Meanwhile, the regime is angling to pocket the money owed to rightsholders:

Life just got a whole lot better in Belarus – apparently piracy is now legal as long as the media being stolen is from a country that has been mean to the Eastern European utopia.

Due to its support for Russia's war against Ukraine, Belarus is likewise subject to sanctions by the US, UK and EU governments. Much of the intellectual property that Belarus relies on comes from these spheres of influence and, as we have seen with the huge pullout of software companies from Russia, rightsholders are either no longer able or willing to supply or license their products in Belarus.

But such obstacles aren't a problem when you're [President] Lukashenko, who apparently opted simply to legalize access to pirated movies, music, TV shows and software in a new law [PDF] signed on January 3.

The legislation was spotted by pirate-friendly news outlet TorrentFreak, which reports on the peer-to-peer file sharing protocol BitTorrent (heavily used for piracy) and other copyright and IP issues. In their words:

The law 'On the limitation of exclusive rights to objects of intellectual property' targets rightsholders or collective management licensing organizations representing multiple rightsholders.

If these are from foreign countries "committing unfriendly actions" against Belarus, "which forbade or did not give consent" for lawfully published items of intellectual property to be used in Belarus, their exclusive rights relating to specified product classes will be limited.

[...] However, this being Belarus, it's not all swings and roundabouts for a hard-pressed population who might hope that torrenting HBO's House of the Dragon provides a moment of respite from the daily grind. No, the law says that if you use unlicensed content, you have to pay for it.

This is because Belarus has agreed to observe a number of IP treaties managed by the World Intellectual Property Organization (WIPO). So how do we get the money to rightsholders whose work has been pirated?

Here's the clever bit: to comply with WIPO rules, remuneration is to be paid to the National Patent Authority, through which rightsholders will be able to claim what's owed to them. So that's all above board – except that if the money isn't claimed after three years, it will be "transferred by the Patent Authority to the republican budget within three months," the law says.
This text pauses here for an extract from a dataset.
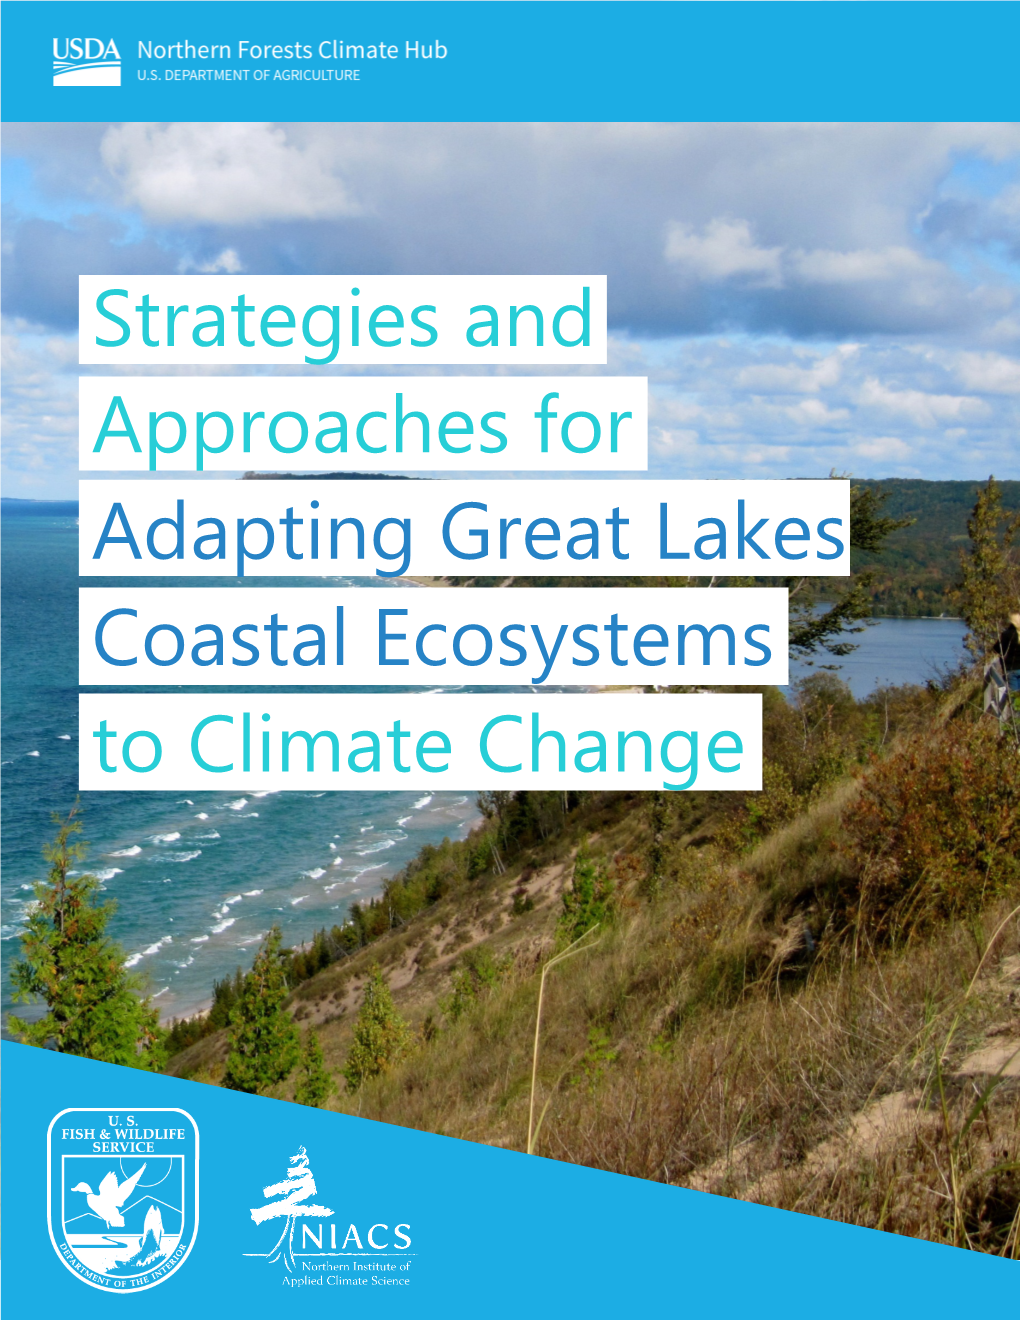 Strategies and Approaches for Adapting Great Lakes Coastal Ecosystems to Climate Change DRAFT May 27, 2021 This DRAFT REPORT Is Available for Practitioner Use

Do you see where this is going? The National Patent Authority banks with Belarusbank, which is 99 percent owned by the government and both are subject to sanctions. Will rightsholders even be able to make a claim?

Not only that, but they won't be the ones setting the market price for pirated wares – that job falls to, you guessed it, the Belarusian government, and who knows on what basis they will make these decisions.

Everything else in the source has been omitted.